Monday, October 10, 2016

The Problem of Rent

In Medieval (Scholastic) philosophy, “rent” is what is due the owner of a thing for the use of something that is not “consumed by its use.” Thus, if the owner of, say, a tool such as a hammer or saw, loans someone that hammer or saw as a commercial transaction, the owner is due a reasonable fee for that use.
"You must pay the rent!" "But I can't pay the rent!"
The owner lost the use of the thing for a time, and whether or not the thing, be it land or a chattel, was put to a productive use by the borrower (i.e., generated a profit), the owner is, in justice, due something in exchange. Not the whole value of production, obviously, but something to compensate for the loss of the usufruct of the thing for a time.
In the Scholastic theory of rent and price, an owner cannot take rent for something that is consumed by its use. The owner is owed the price of the thing itself.
If an owner lends something, such as food (that is eaten) or money (that is spent), that by its nature is “used up” or consumed instead of simply used, the owner is owed back only what the owner lent. Anything else is considered “usury,” that is, taking a profit where no profit is generated.
Benedict XIV: "You must pay the rent, but not usury."
Thus, when Pope Benedict XIV issued an encyclical on usury in 1746, Vix Pervenit, the real title was “On Usury and Other Dishonest Profit.”  The important thing to note is the implied distinction between honest and dishonest profit; profit is not ipso facto dishonest.
This is why, incidentally, viewing “interest” as “the rent of money” is, strictly speaking, incorrect. Money in the form of currency is “fungible”: one unit is legally the same as any other unit. An owner cannot be said to rent out something when he or she does not get back the actual thing that was lent.

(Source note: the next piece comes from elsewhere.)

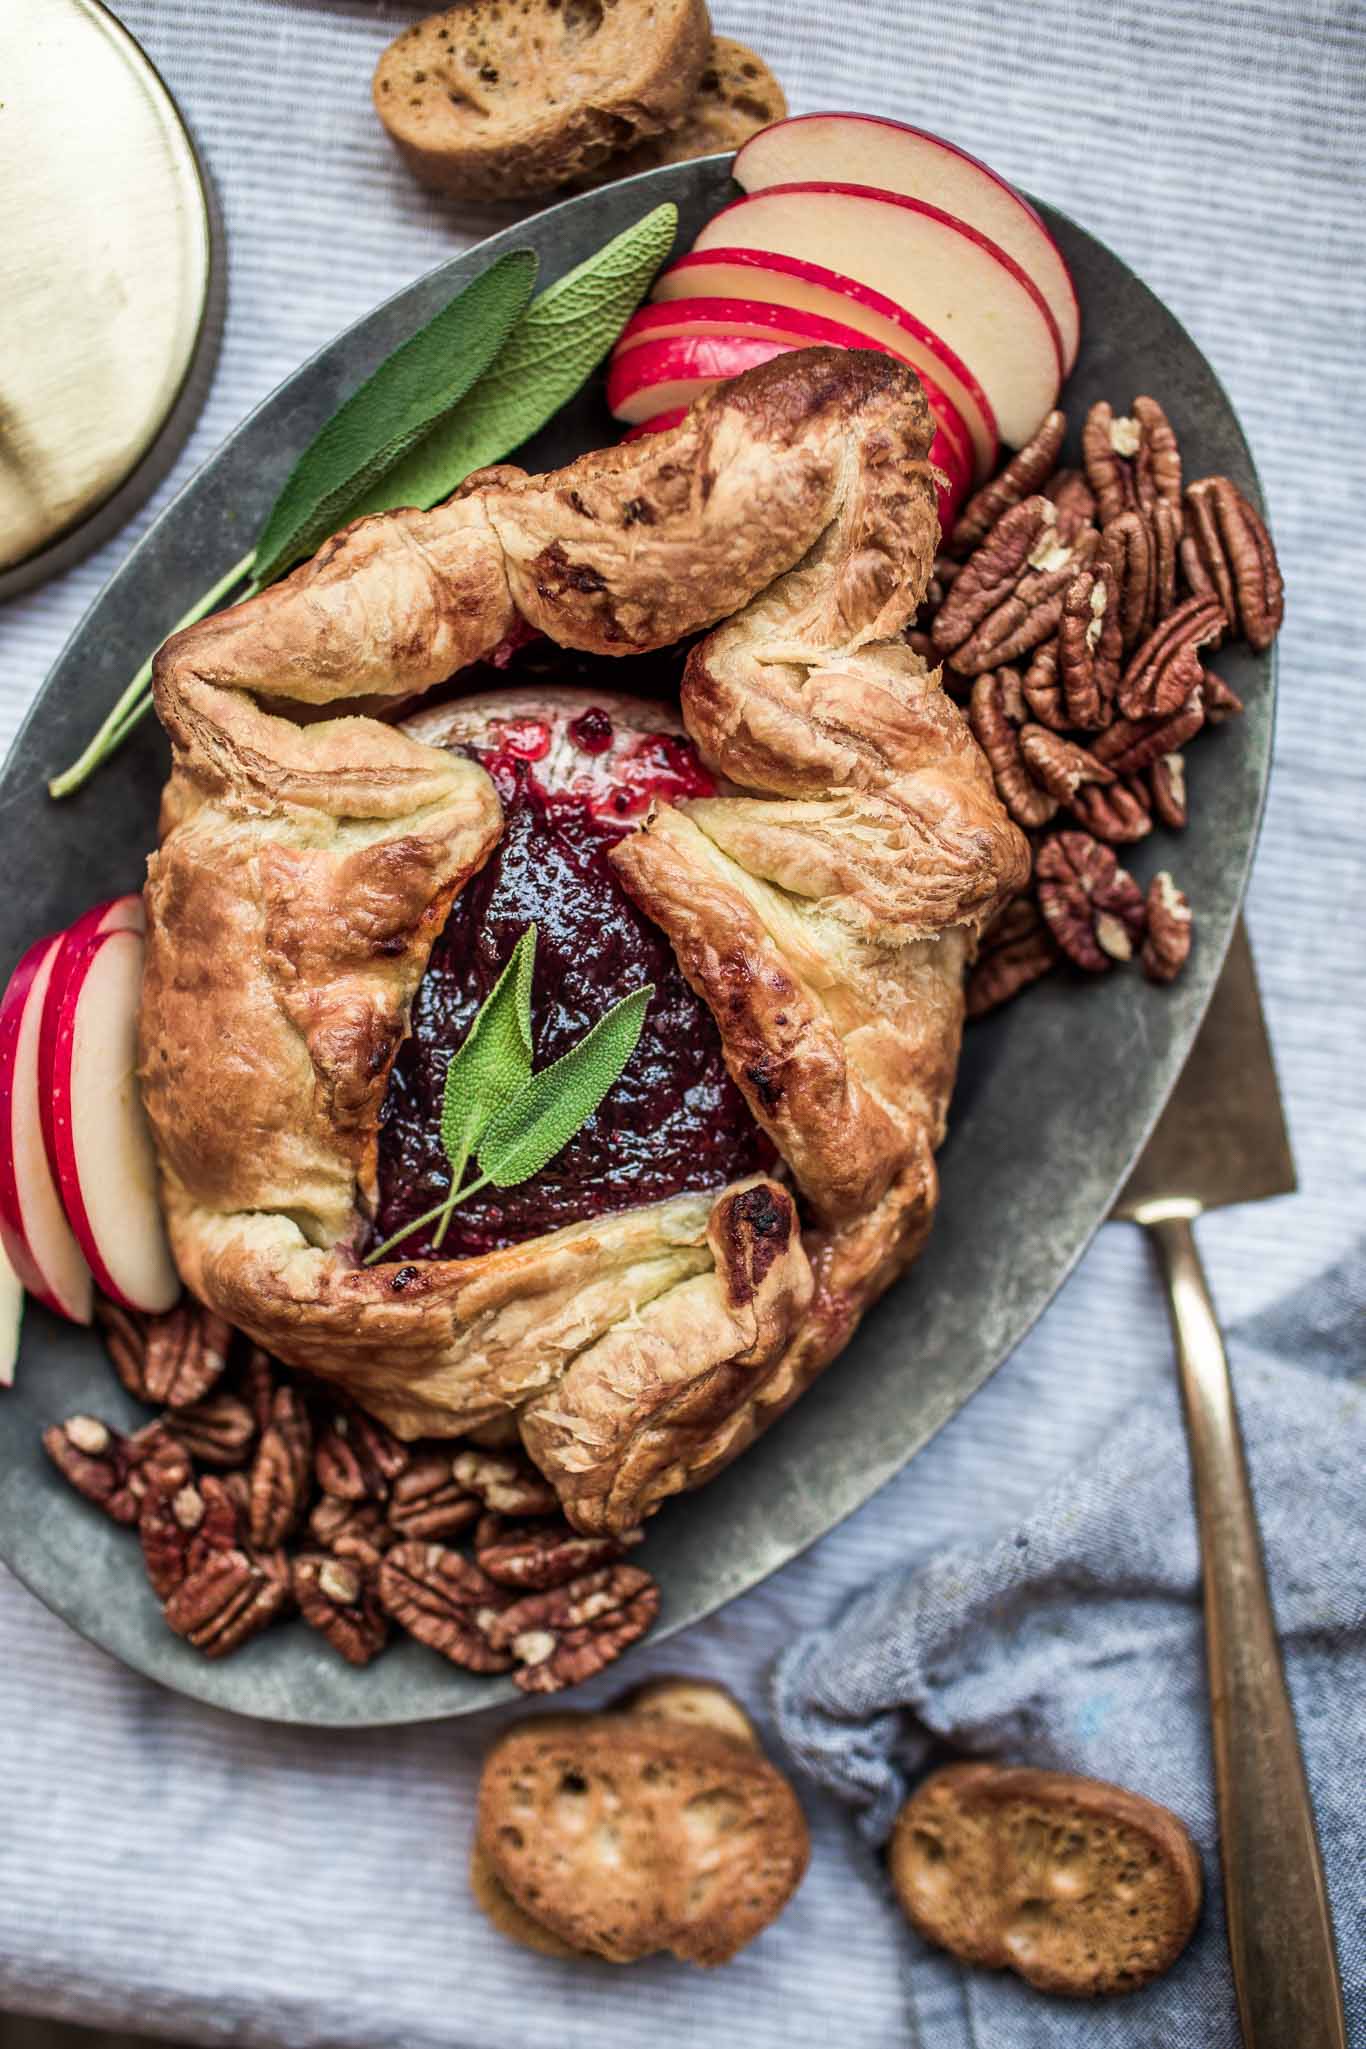 Overhead shot of baked brie in puff pastry with red currant fruit spread.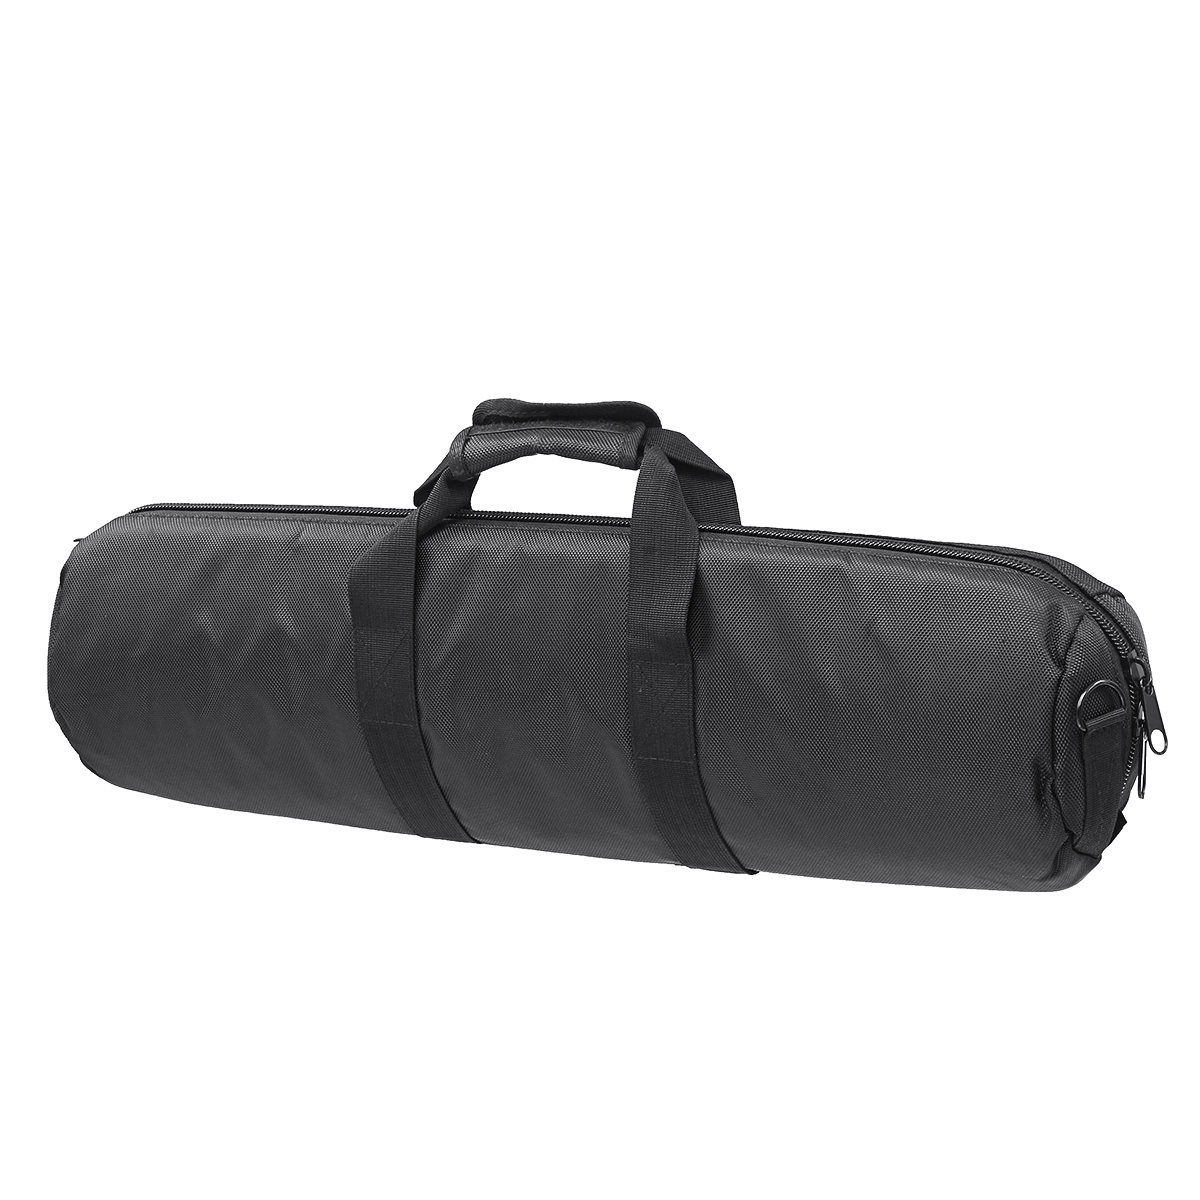 607080cm-Camera-Tripod-Storage-Bag-Travel-Carry-Case-Photography-Accessories-1526351-1

There is an exception to the prohibition against taking a profit on the loan of a thing that is normally consumed by its use. Suppose the borrower puts the food or the money that is lent to productive use instead of simply eating or spending it, e.g., as inventory for a restaurant or financing for a trading venture. That is, instead of consuming the thing, the borrower exchanges the thing as part of a productive endeavor, thereby creating another contract instead of only carrying out the terms of the original contract.
In that case, the original owner of what is lent is due a share of the profits, or suffers a share of the loss. This is commensurate with the market value of whatever the owner of the thing contributed to production by lending the food or the money.
"You must not pay the rent!  Just the interest!"
Aquinas even came up with a way someone could legitimately charge rent for money lent.  If the father of the bride wanted to make a big show of wealth at a wedding reception, he could go to the local moneylender and borrow sacks of coin to display on the gift or dowry table.  When the money was returned to the moneylender, the moneylender was in justice due a fee for the use of his (or her) money, because the same money that was lent was returned after being used, and the moneylender could not loan out that money while it was in the hands of the father of the bride.
In modern terms, the share of profits the owner receives as the lender is the borrower’s “cost of capital,” using “capital” in the financial sense of “accumulated savings used to purchase stock or finance the formation of capital goods.” Obviously, lending money to purchase capital goods or raw materials intended for production is, in essence, no different from lending the capital good or raw material itself. The lender is, just as obviously, due a share of the profits from the productive use of what is lent, whether it is capital or a raw material directly, or in the form of money (“financial capital”) with which to purchase capital or inventory.
Interest is due on productive use of existing savings.
In that case, in justice the owner is owed “interest” on what was borrowed. This is because the owner as the lender has an “ownership interest” in the productive project, and the owner has become, in a sense, the partner of, and co-owner with the borrower.
Because the lender is a partner, he or she is never due all the profits from production, the “Return on Investment” (ROI), any more than any other partner is due everything when he or she provides the financial backing and the borrower provides the mental and physical labor. “Return on Investment” and “Cost of Capital” are, obviously, two different things.
As far as we know, the Scholastic philosophers did not address the concept of depreciation, that is, recognizing that even things that are not consumed by their use eventually wear out and are used up in the course of their useful lives. Neither did they address inflation, especially when the purchasing power of the currency is deliberately manipulated for political ends.